11. DESMAN’s liability for any damage on account of any error, omission, or other professional negligence
will be limited to a sum not-to-exceed the fee received under this Agreement. DESMAN, its agents and
employees shall not be liable for any lost profits or any claim or demand against Client by any other
party unless caused by negligence or wanton act or omission of DESMAN. In no event shall DESMAN
be liable for special, consequential or exemplary damages. This provision shall supersede any other
provision in this Agreement that may be deemed inconsistent with it. No action, regardless of form,
arising out of the service under this Agreement, may be brought by the Client more than one (1) year
after the act or omission-giving rise to a cause of action has occurred.
12. The Client shall indemnify, defend, and hold DESMAN, its officers, employees, and agents harmless
from any and all claims, suits, losses, costs, and expenses, including but not limited to, court costs and
reasonable attorney's fees arising or alleged to have arisen out of or to have resulted from the
performance of DESMAN’s work on or about the subject Project, and caused in whole or in part by
any negligent, willful, or wanton act or omission of the Client.
13. In the event that either party brings any claim, suit, cause of action, of counterclaim against the other,
to the extent that such party prevails upon such action, the non-prevailing party shall pay to the
prevailing party the costs expended by the prevailing party to defend against such action including
reasonable attorney's fees, witness fees, and other related expenses.
14. DESMAN shall not be responsible for failure to perform or for delays in the performance of work,
which arise out of causes beyond the control and without the fault or negligence of DESMAN.

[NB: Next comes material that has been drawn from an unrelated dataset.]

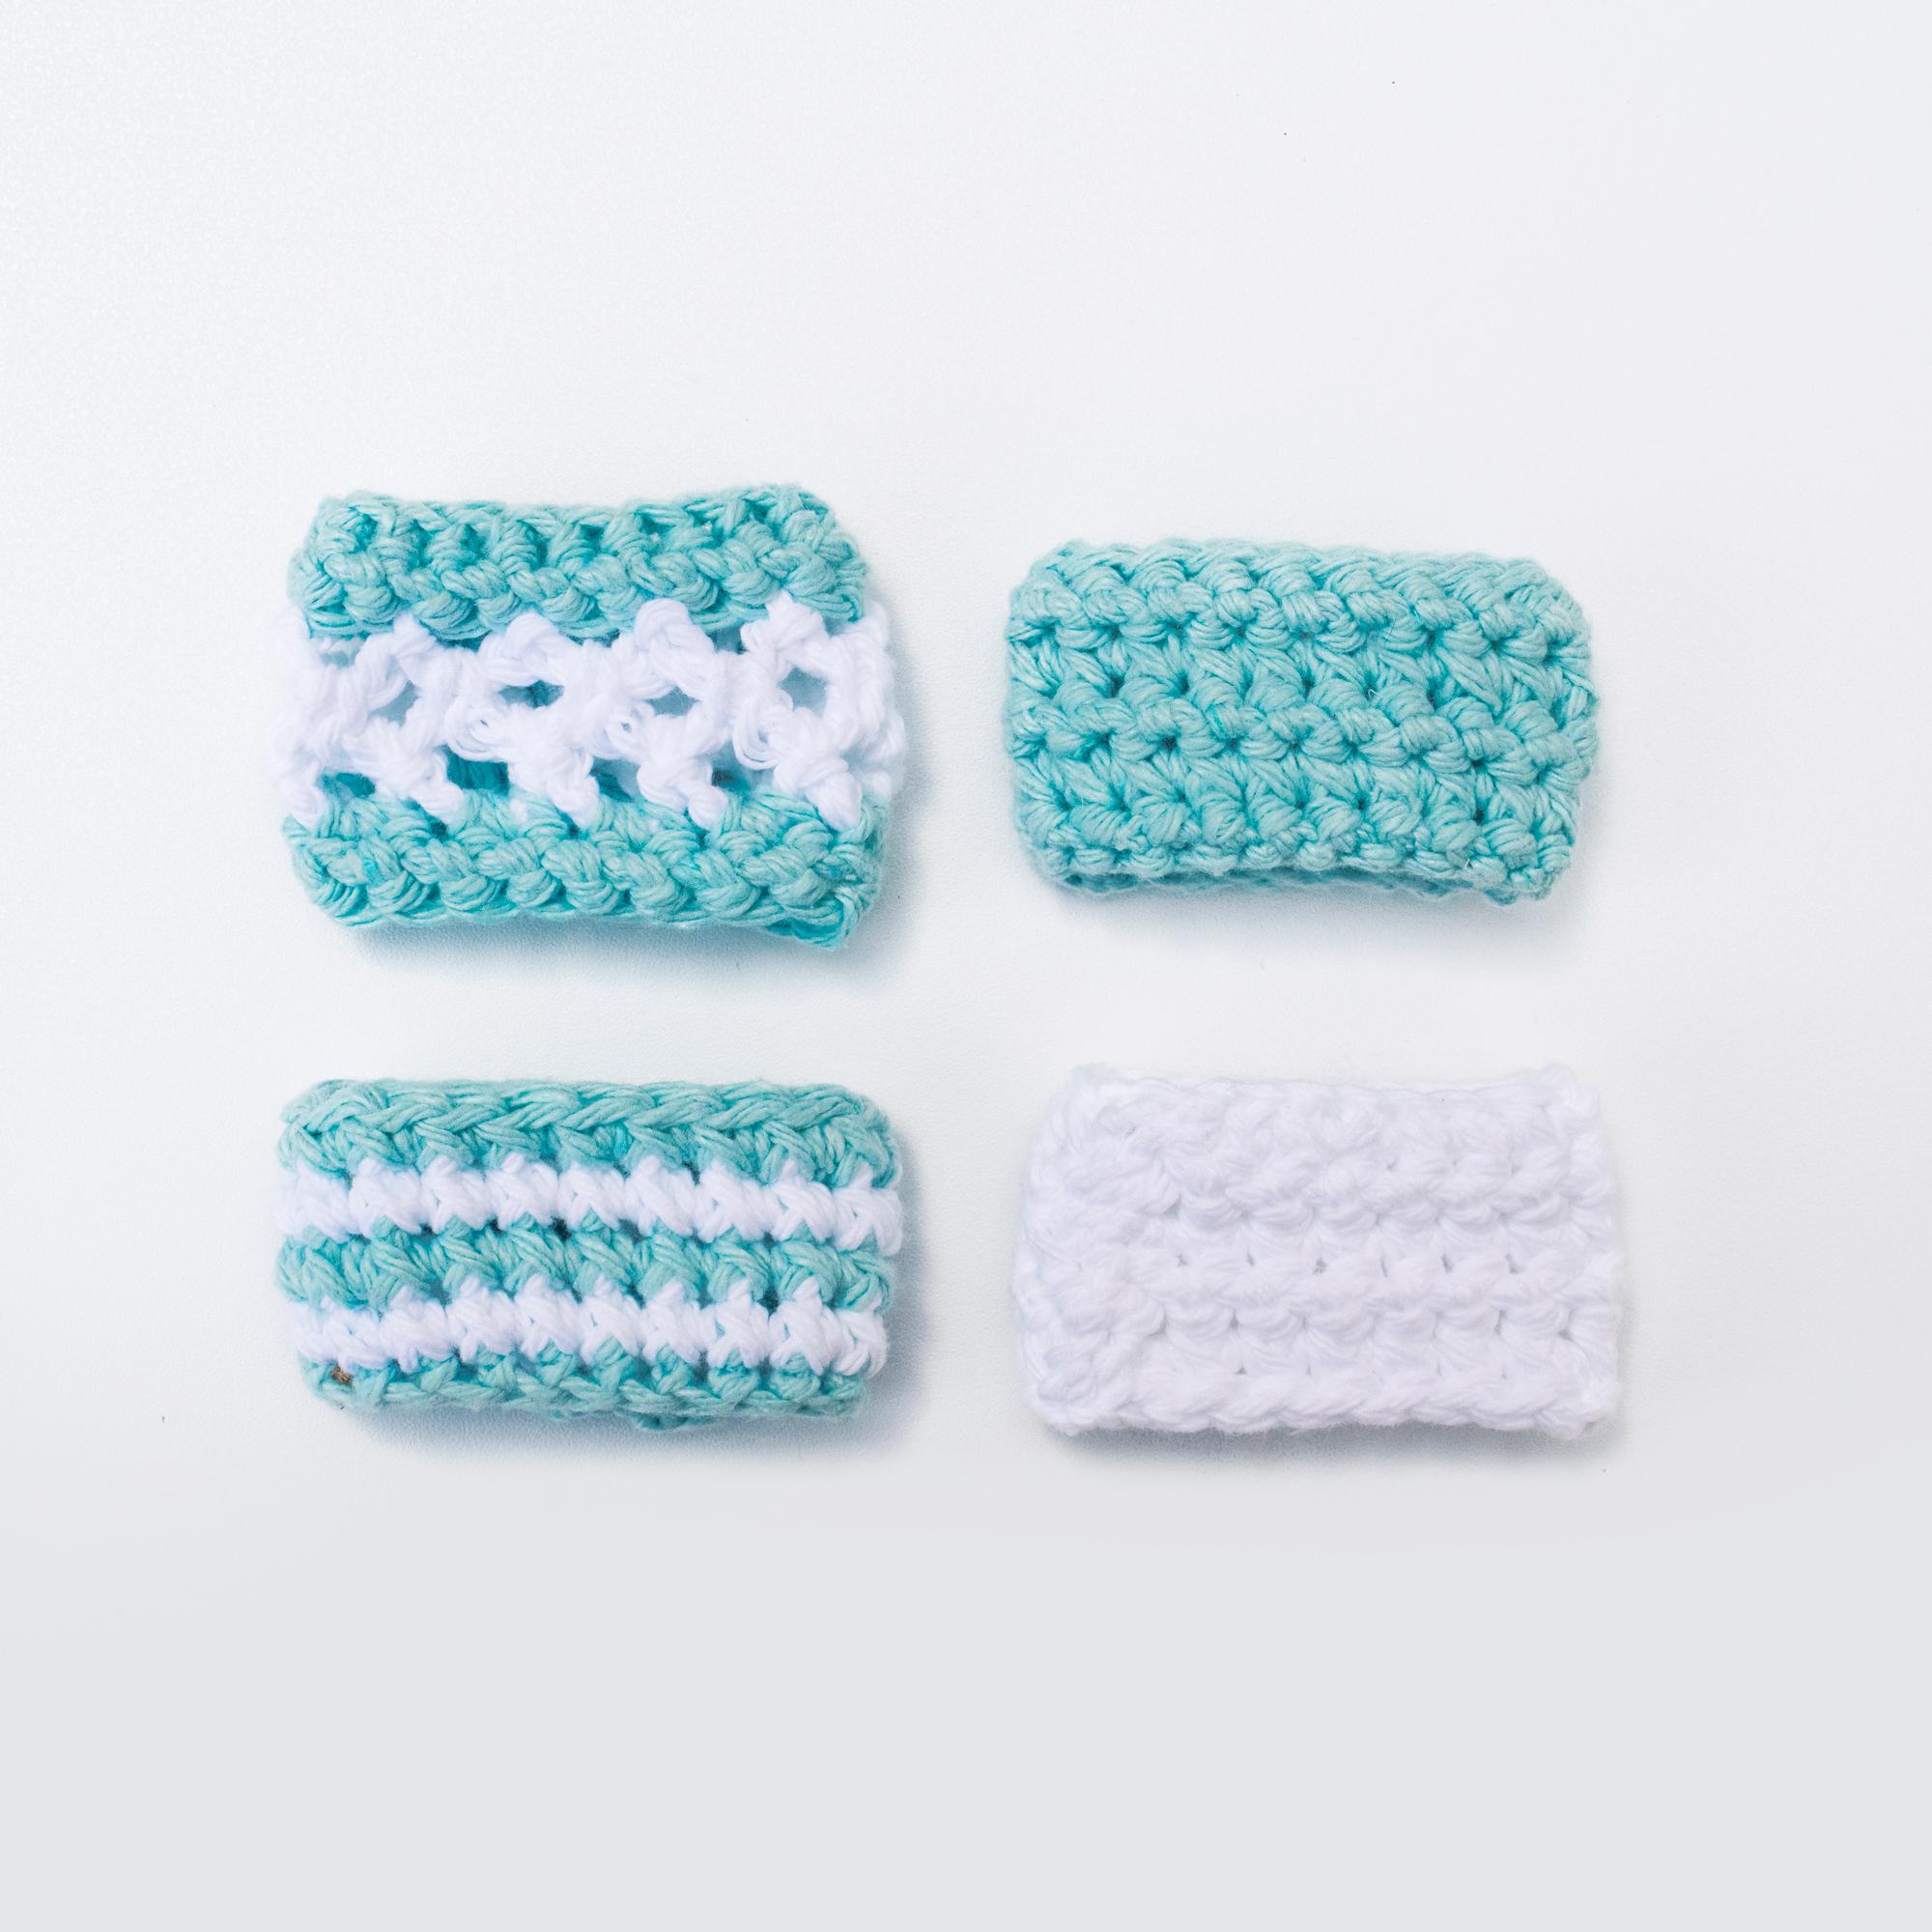 Crochet Napkin Ring Free Pattern

15. In entering into this Agreement, Client has relied only upon the warranties or representations (a) set
forth in this Agreement; or (b) implied in law. No oral warranties, representations or statements shall
be considered a part of this Agreement or a basis upon which the Client relied in entering into this
Agreement. No statements, representations, warranties or understandings, unless contained herein,
exist between Client and DESMAN.
16. Either party upon seven (7) days prior written notice may terminate this Agreement. In the event of
termination without cause, DESMAN shall be compensated by the Client for (a) all services performed
up to and including the termination date, (b) reimbursable expenses and; (c) termination expenses.
17. DESMAN’s review associated with the Report shall be limited to the examination of the condition of
the structure/s as defined by the scope of work, for the sole purpose of determining work required.
This report shall be limited to an unaided visual examination and does not include destructive or non-
destructive testing, non-invasive investigation techniques.
18. DESMAN’s reports and/or documents defined by the scope of work shall not be construed to warrant
or guarantee the structure/s and/or any of its components under any circumstances. DESMAN shall
not be responsible for latent or hidden defects that may exist, nor shall it be inferred that all defects
will have been either observed or recorded. The review and/or report(s) is intended solely to identify
the general condition of the structure/s and the necessity for repairs. DESMAN’s review and/or
report(s) shall not constitute a detailed specification for repairs.